The key external elements in a typical web application’s defense are:

  • Firewall (FW): The first element focused on security is usually a perimeter or the internet Edge firewall that is responsible for enforcing a wide variety of access controls and policies to reduce the overall attack surface of the enterprise, web applications included. Recent advances in the firewall market have seen the firewall become a Next Generation Firewall (NGFW) where these policies are no longer defined by strict source and destination port and IP Address pairs, but in contextual fashion, incorporating more human-readable elements such as the users or groups in the conversation, the geographic location, reputation, or category of the external participant, and the application or purpose of the conversation.
  • Load Balancer: Many scaled designs rely on load balancers to provide the seamless assignment of workloads to a bank of web servers. While this is done to enable an application to reach more users, this function often corresponds with some proxy-like functions that can obscure the actual web tier resources from the prying eyes of the hacker. Some load balancer solutions also include security-focused services in addition to their virtual IP or reverse proxy functions.  Functionally, they may include the web application firewall functions.  Load balancers can also be important in helping to provide Distributed Denial of Service (DDoS) protection spreading, diverting, or absorbing malicious traffic loads.
  • Web Application Firewall (WAF): WAFs provide application-layer inspection and prevention of attacks to ensure that many of the exploits that we will attempt in this book are either impossible or difficult to carry out. These firewalls differ from the network firewall at the perimeter in that they are only inspecting the HTTP/HTTPS flows for attacks. WAFs tend to be very signature-dependent and must be combined with other defense solutions to provide coverage of other vectors.

Additional layers

Not shown in the preceding diagram are additional defensive measures that may run as features on the firewalls or independently at one or more stages of the environment. Various vendors market these solutions in a wide variety of market categories and capability sets. While the branding may vary, they fall into a couple of major categories:

  • Intrusion Detection/Prevention Systems (IDS/IPS): These key elements provide deep packet inspection capabilities to enterprises to detect both atomic and pattern-based (anomaly) threats. In a classic implementation, these offer little value to web applications given that they lack the insight into the various manipulations of the seemingly valid payloads that hackers will use to initiate common web application attacks. Next-Generation IPS (NGIPS) may offer more protection from certain threats, in that they not only process classic IDS/IPS algorithms, but combine context and rolling baselines to identify abnormal transactions or interactions.
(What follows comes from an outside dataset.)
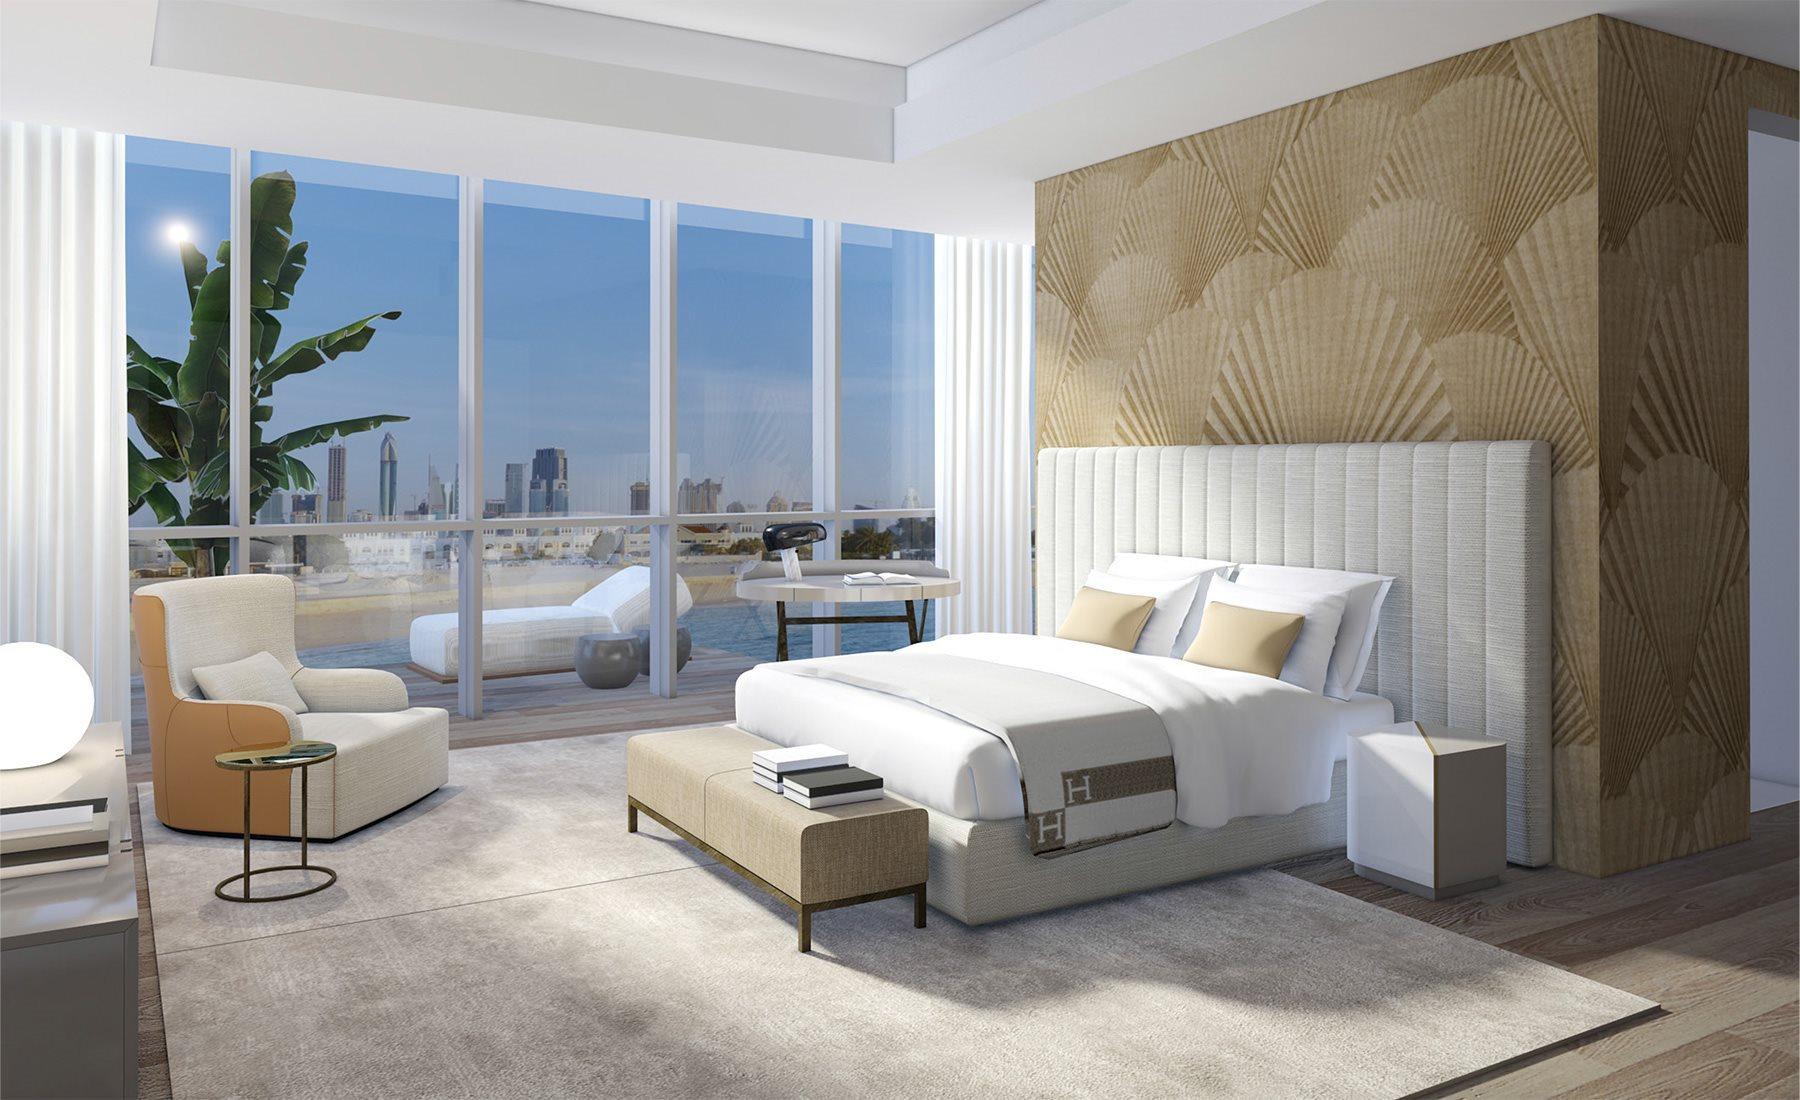 gartenm bel n rnberg f rth kollektion ideen garten design als inspiration mit beispielen von. Black Bedroom Furniture Sets. Home Design Ideas

These tools may also be integrated within the network firewall or between tiers of the environment. Newer NGIPS technologies may have the ability to detect common web vulnerabilities, and these tools have shown tremendous value in protecting target systems that use un-patched or otherwise misconfigured software modules. Cisco sells Firepower NGIPS, but other makers include Intel/McAfee, HP, IBM, and Checkpoint.
  • Network Behavioral Analysis (NBA): These tools leverage metadata from network elements to see trends and identify abnormal behavior. Information gleaned from Syslogs, and flow feeds (Neflow/IPFIX, sFlow, jFlow, NSEL, and so on) won’t provide the same deep packet information that an IPS can glean, but the trends and patterns gleaned from the many streams through a network can tip operators off to an illicit escalation of credentials. In web applications, more egregious privilege attacks maybe identified by NBA tools, along with file and directory scraping attacks.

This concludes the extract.